I had been watching an art series about old Masters and Rembrandt "Chiaroscuro". This painting begged to be painted with that as inspiration. I left out the clutter in the background but added a mirror to reflect us watching my daughter in her special moment.
While the painting is essentially a portrait of this talented seamstress, this is one of those paintings I've done for myself. As I painted, I thought back to all of the memories we made during the preparations for her big day, and truly enjoyed the process.
Happy Painting! :)
Finished! Guacamole- Still life with Avocado, Limes and Cherry Tomatoes.

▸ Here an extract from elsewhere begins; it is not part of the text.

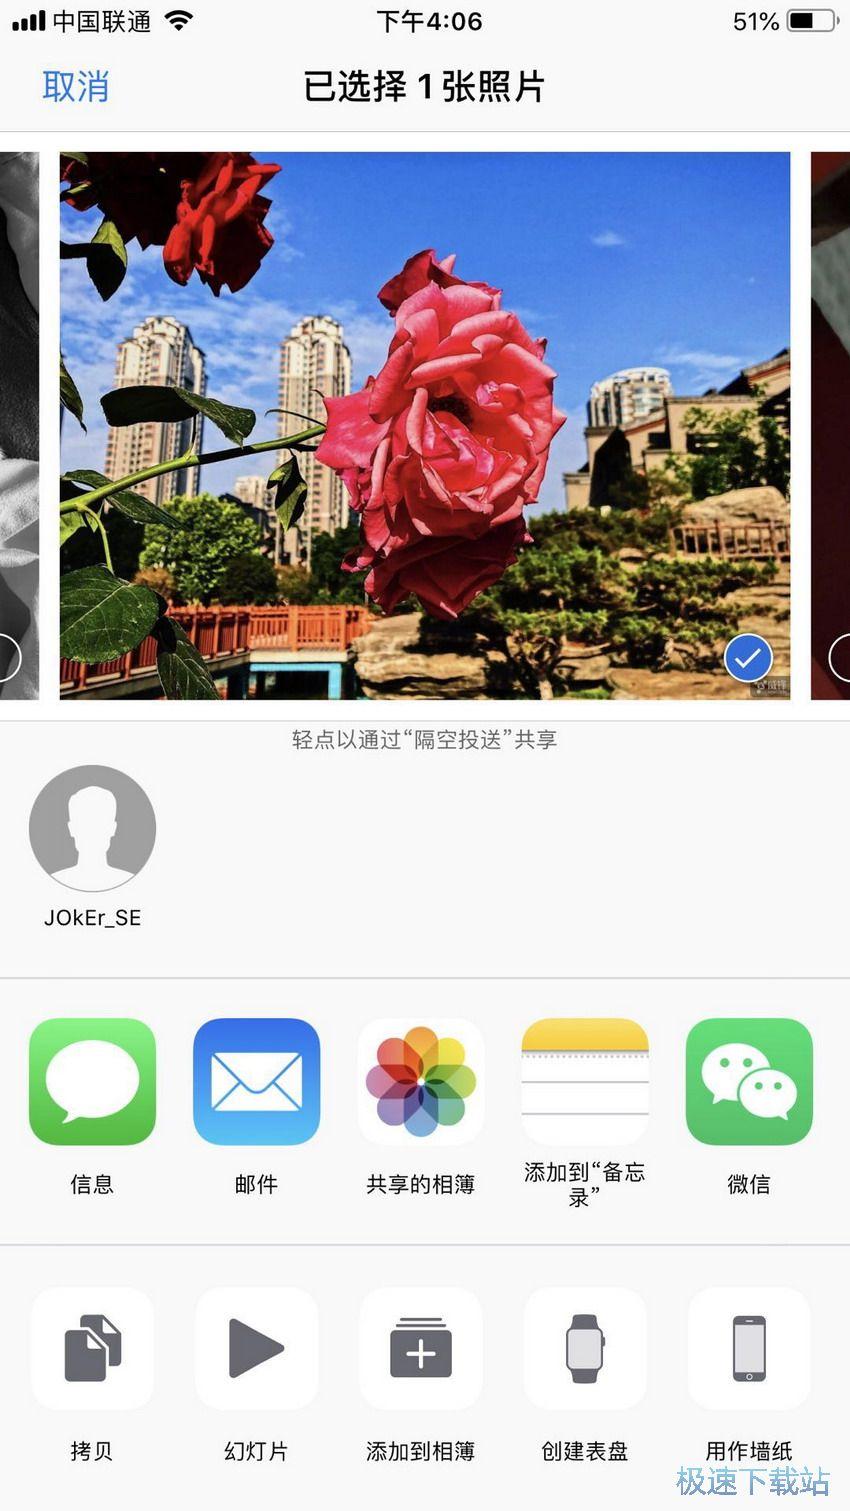 方法手机AirDrop隔空投送手机的苹果收藏彼文件女图片

I love the complimentary violet-green combination- that happened quite by accident, but once I realized what it was doing I exaggerated it even more.
I still think the avocado could be darker, but I hate to lose the glazing effect, so it will have to be a little unripe for this one.
On to the next in the series! :)
This week I continued working on Still Life for an upcoming exhibit. I found some great avocados and cherry tomatoes in my kitchen and went in search of a shiny metal pitcher for reflections. I only found this pedestal bowl, which would be perfect for a fresh batch of Guacamole. I wanted to continue the practice with the lace but liked the idea of the red and green against the black and white checks. I challenged myself to make the avocado NOT look like a pear, but that may be a lost cause. I did end up with a wonderful glazing layered effect and learned a lot. ( After I was finished, I happened to think I shoulda used my glass pitcher filled with sangria... maybe not a good idea after all....)
I think it is important to share our process with others, just as we gain from watching other artists work.